As such, I need to look at what I have accomplished and be proud of that instead of beating myself up over what I haven't done yet. Time to live in the present and have joy.

My published works and awards so far.

April 2009:

LDStorymakers Writers Con - 1st place General Fiction First Chapter Contest

Dance the Ghost with Me

February 2010:

LDS Publisher Blog Short Story Contest

1st place Song of Saphir ~ 2nd place Covenant of the Scalp

April 2010:

WiDo Publishing ~ Heroes of the Fallen

October 2010:

IRON BOUND magazine issue #1 ~ Sailing to Valhalla

February 2011:

Shadows & Light II ~ The Hand of Fate

April 2011:

Monk Punk ~ Fistful of Tengu

May 2011:

Lovecraft eZine issue #4 ~ Curse the Child

October 2011:

Utah Geek Magazine issue #1 ~ Midnight Son’s part 1: Cold Comfort

November 2011:

Monsters & Mormons ~ Fangs of the Dragon

March 2012:

Sword & Sorcery Magazine #2 ~ Hel Awaits

June 2012:

Unnatural Tales of the Jackalope ~ Tangle Crowned Devil

July 2012:

Wandering Weeds ~ Garden of Legion

In Situ ~ The Dig

***
And in some indeterminate near future (these have already been accepted for publication)

Blood of Our Fathers

Roar of the Crowd ~ Whispers of the Goddess

Challenge Discovery ~ The Serpents Root

The Evil Twin ~ The Cry of Carrion Birds

Dark Eclipse Magazine ~ A Good Home for the Spoon

Wednesday, June 6, 2012

Doorway to Inspiration: Ray Bradbury

"People ask where do you get your ideas. Well right here. All this is my Martian landscape. Somewhere in this room is an African veldt. Just beyond perhaps is a small Illinois town where I grew up. And I'm surrounded on every side by my magicians toyshop. I'll never starve here. I just look around, find what I need, and begin. I'm Ray Bradbury, and this is" The Ray Bradbury Theater. "Well then, right now what shall it be. Out of all this what do I choose to make a story. I never know where the next one will take me. The trip, exactly one half exhilaration, exactly one half terror". ~ Ray Bradbury ~ August 22, 1920 - June 6, 2012

While I generally talk about my fantasy writerly influences Tolkien, Howard, Wagner etc etc; when I really stop and think about it, Ray Bradbury has shaped how I live my life (and work) more so than even they. And it is the above quote that sparked that.

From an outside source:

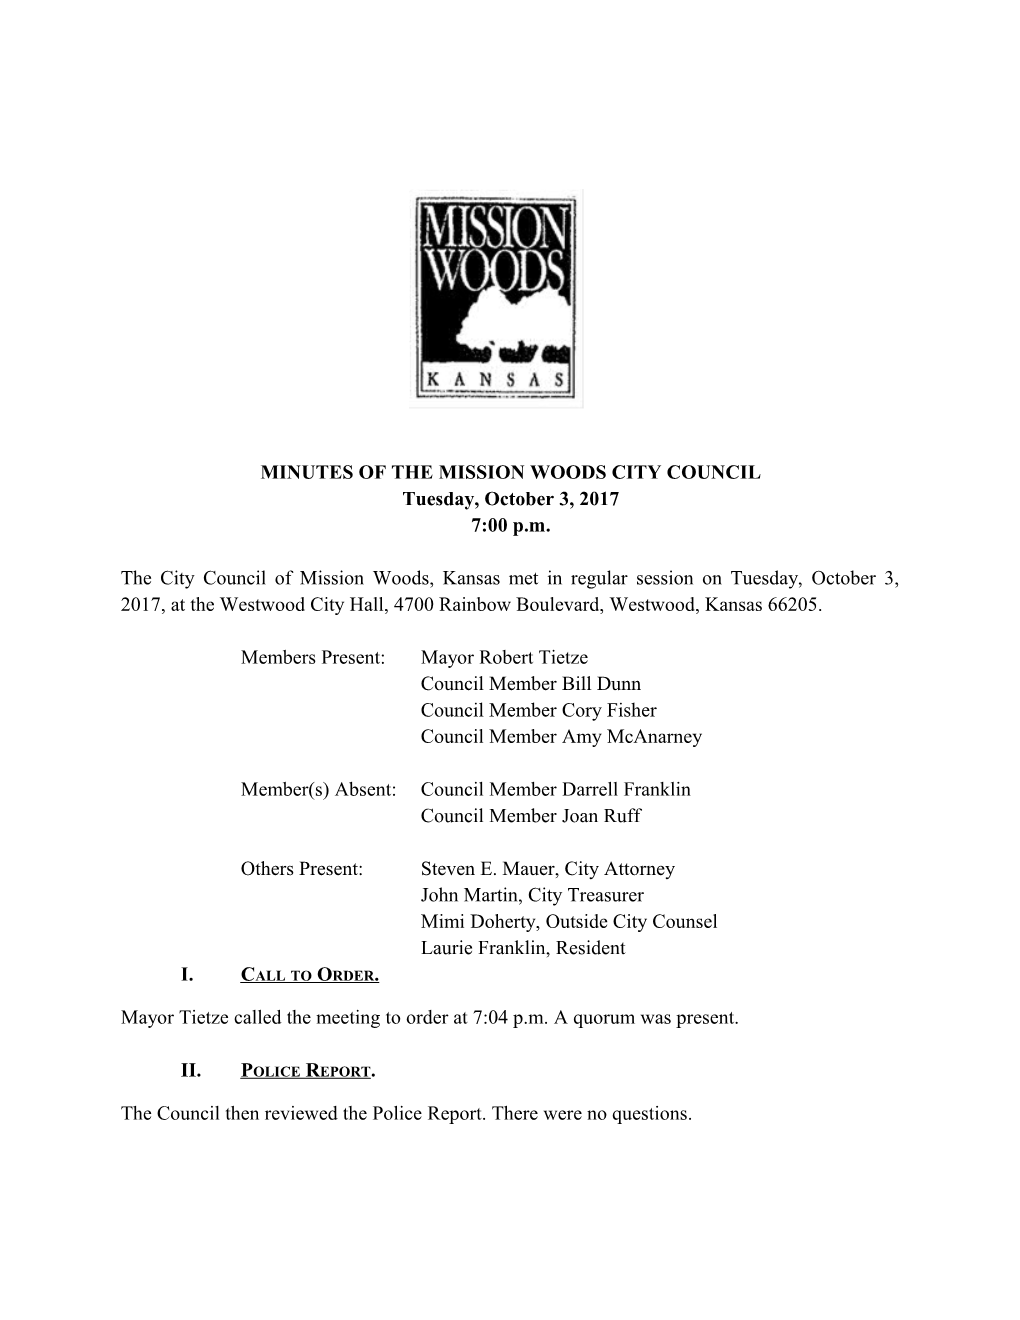 10-3-17 City Council Minutes (00031688)

When I was a kid I used to watch the Ray Bradbury Theater on HBO (two seasons 85-86) and every episode opened with Mr. Bradbury in his office narrating that opening before it would launch into whichever story it was. I loved that, I was so taken with that doorway to inspiration.

My grandfather had an eclectic Dr.'s office and Mr. Bradbury's was even more fascinating from the glimpse I saw for maybe thirty seconds and I said, "someday, I'll have that too."

And I am still working on this doorway to inspiration in my own office and I'll never stop. Thank you Mr. Bradbury, Rest In Peace.